The most extreme G-forces mankind has ever felt weren’t in space or on the way to it, though, they were right here on Earth. The most extreme G-forces a human has ever endured happened on a rocket-powered, track-mounted acceleration sled, and it was done by Air Force physician John Stapp to see just how many Gs the human body could really handle.
In the late-1940s, Stapp was sending himself down the rails on a rocket sled which was violently accelerated then stopped just as abruptly, he showed the body could withstand up to 35 Gs and survive.
Stapp is also known for Stapp’s Law, which states:
“The universal aptitude for ineptitude makes any human accomplishment an incredible miracle.”
In the 1950’s, Stapp built a rocket sled called the Sonic Wind, which accelerated him to 632 mph in less than 5 seconds to then stop him in just one second. This generated an insane 46.2 g (at 168 pounds he would have felt like he weighed over 7,700 pounds). Stapp didn’t have the benefit of being in a closed car either, he was exposed to 2 full tons of air pressure during the ride.

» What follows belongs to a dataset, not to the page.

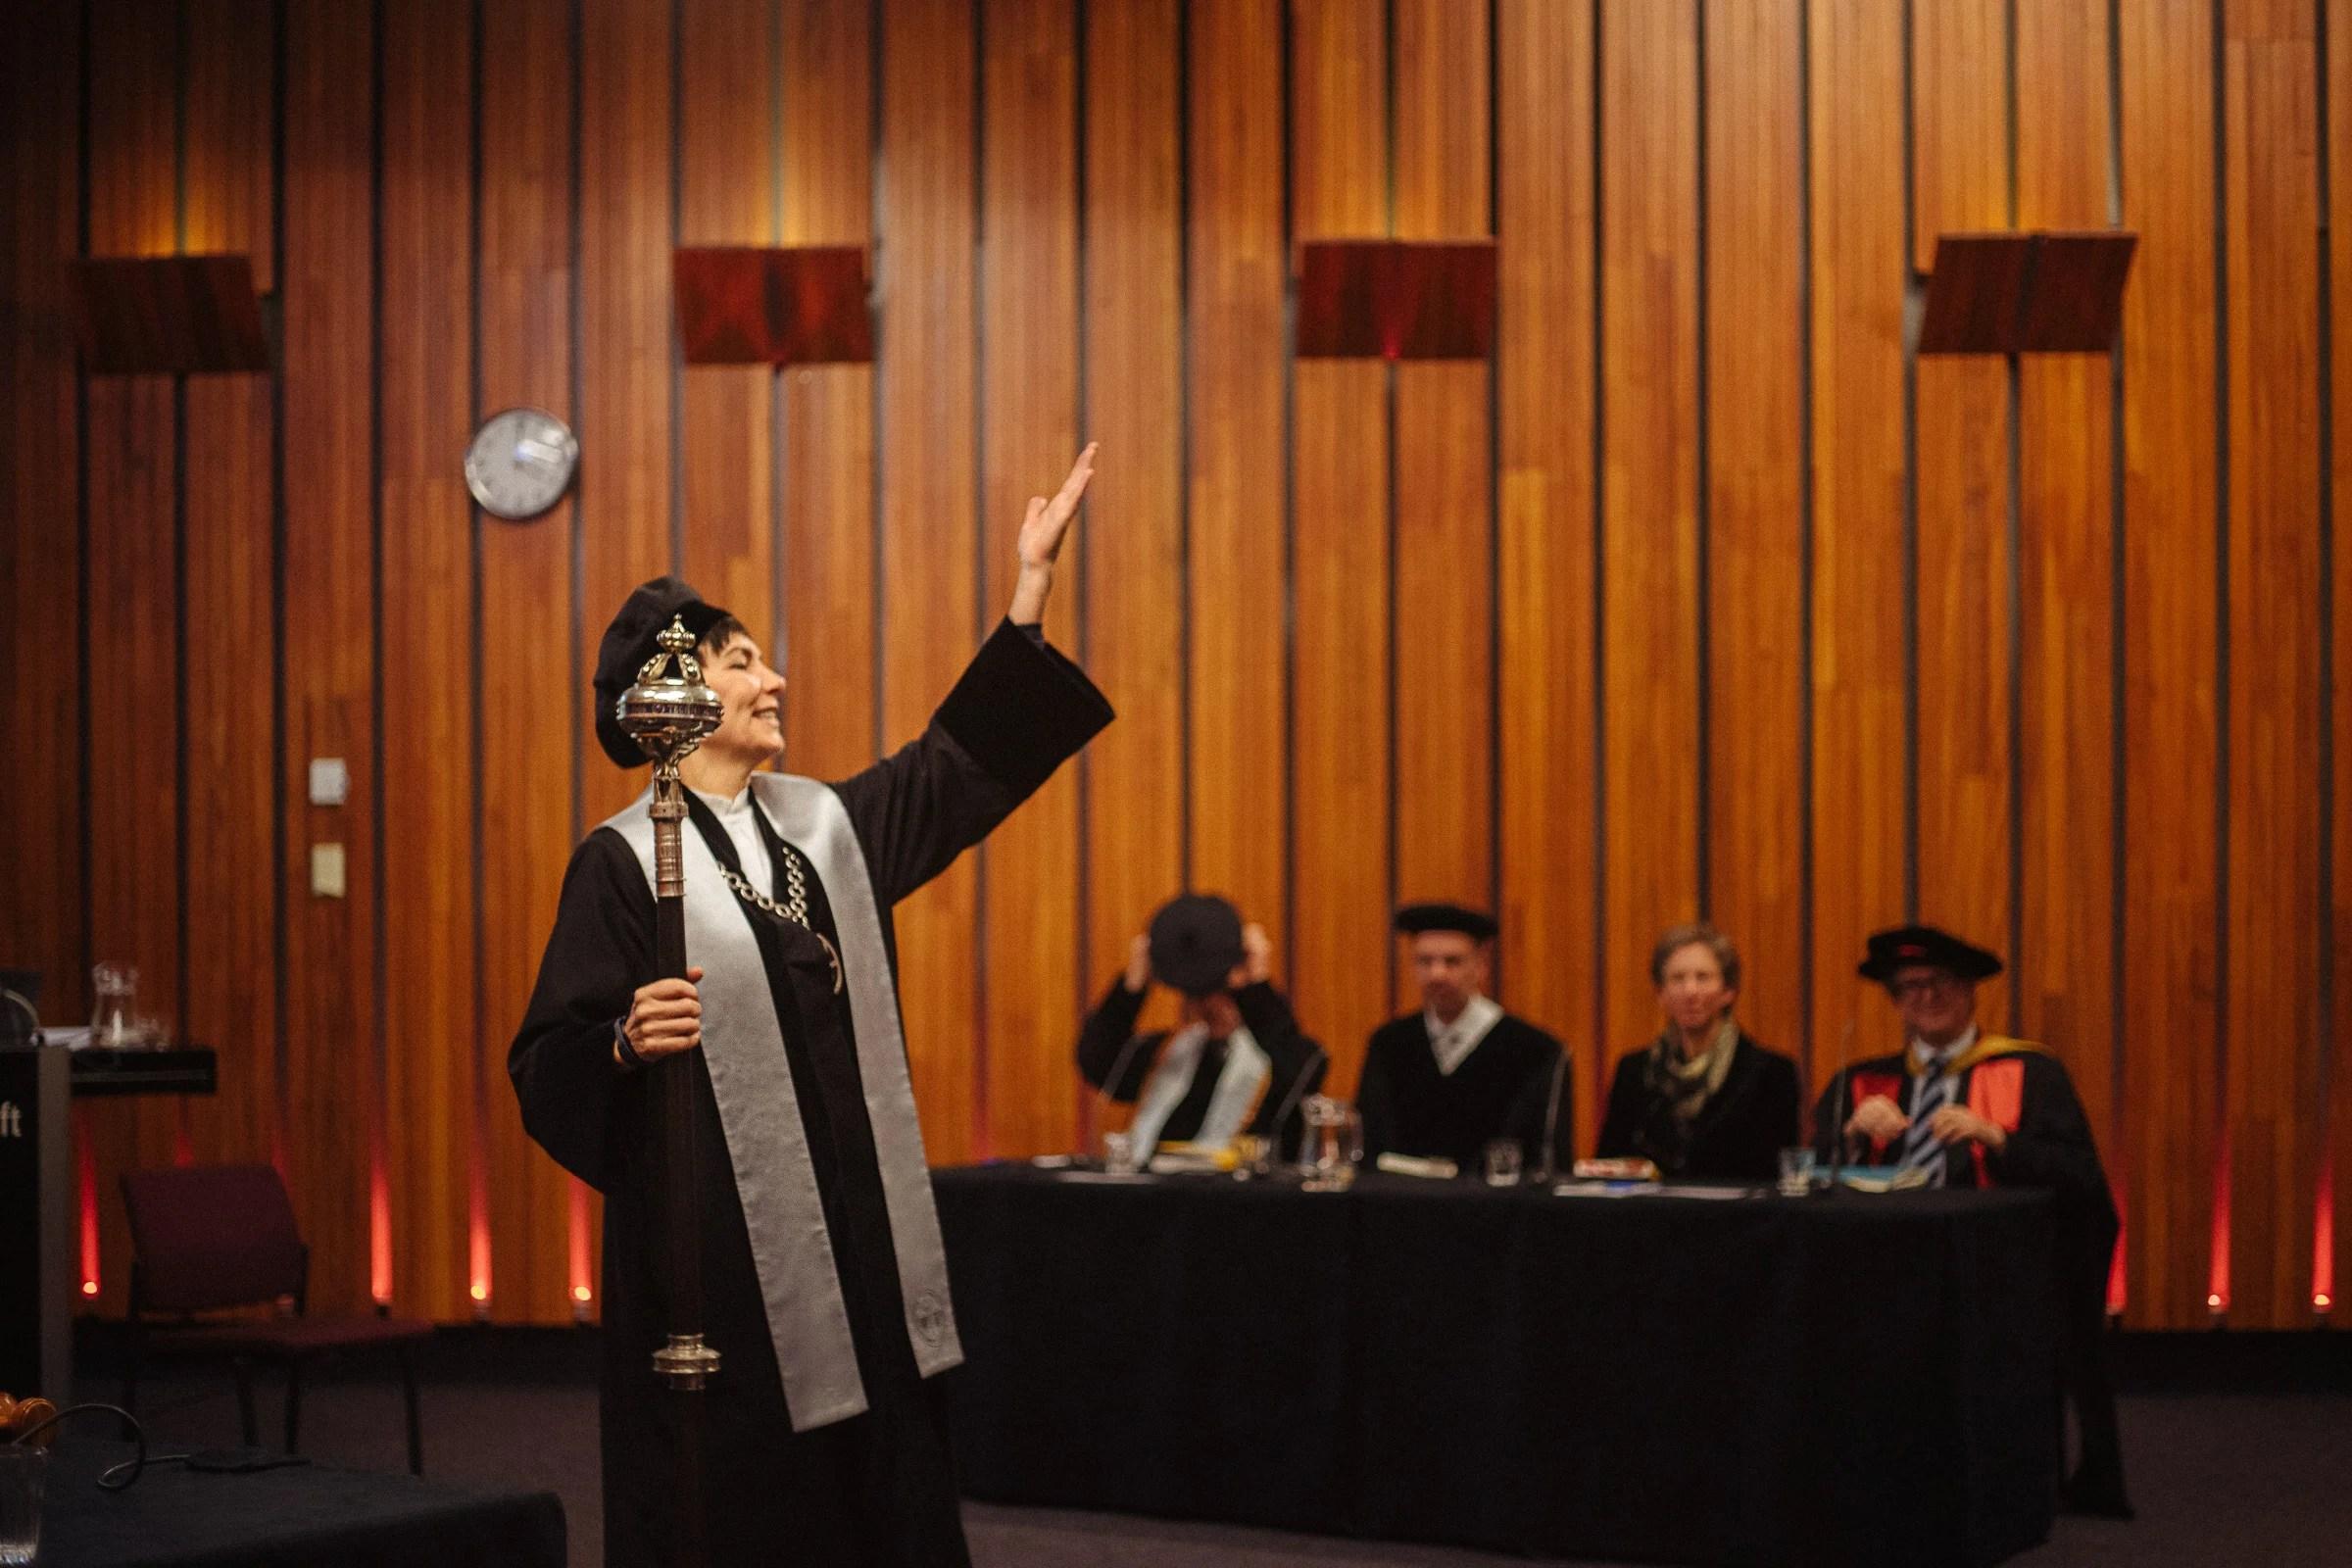 Inauguratie van een Doctor TU Delft

Stapp’s incredible rocket sled record was broken in the 1970s Major John Beeding, an Air Force volunteer, aboard the Daisy Decelerator. He endured a whopping 83g during the sled’s deceleration.

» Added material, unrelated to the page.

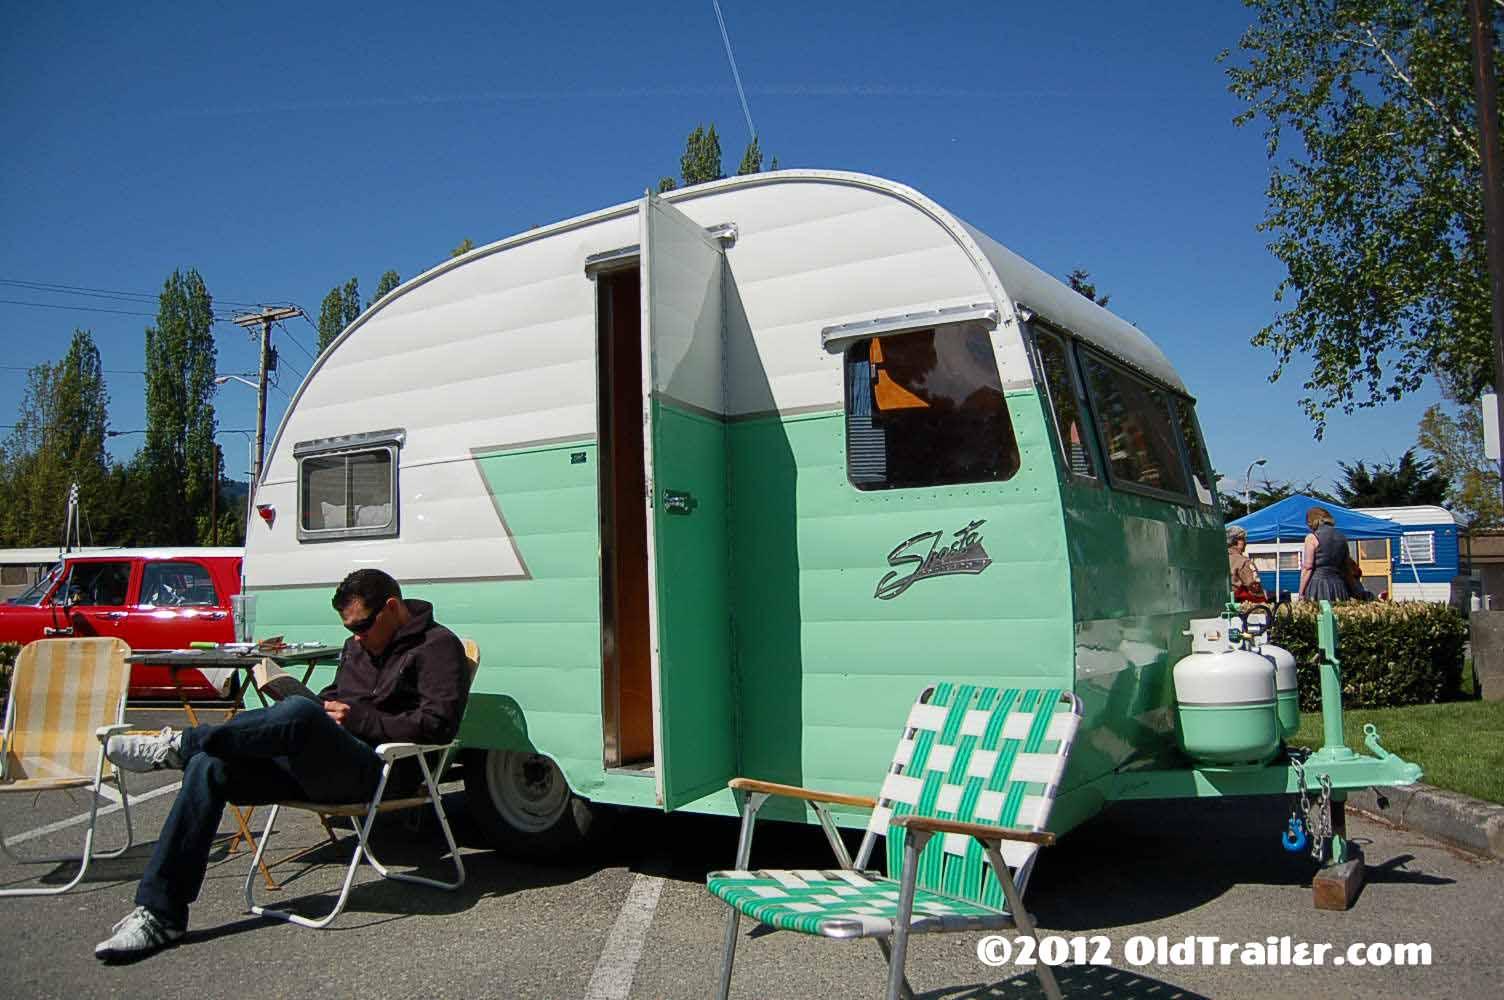 Freshly restored 1956 shasta travel trailer

The Fastest 0-60 MPH Time a Human Could Survive
So, let’s say we go with Major John Beeding’s record of 83gs as a blueprint for our super-fast 0-60 car. Sure your dental filling might fall out and you might leave with some cracked ribs but at least you’ll survive right?
(88 ft/s / 32.17405 ft/s²) / X seconds = 83g
0.034 seconds = 83g
So, if you want to experience the fastest 0-60 MPH a human could theoretically survive you’d have to do it in an incredible 0.034 seconds. That’s fast, for perspective 0.101 seconds is the current fastest reaction time recorded for human beings. The average reaction time of human beings is around .215 seconds. So, fast and totally not dangerous at all!
Get on it Tesla!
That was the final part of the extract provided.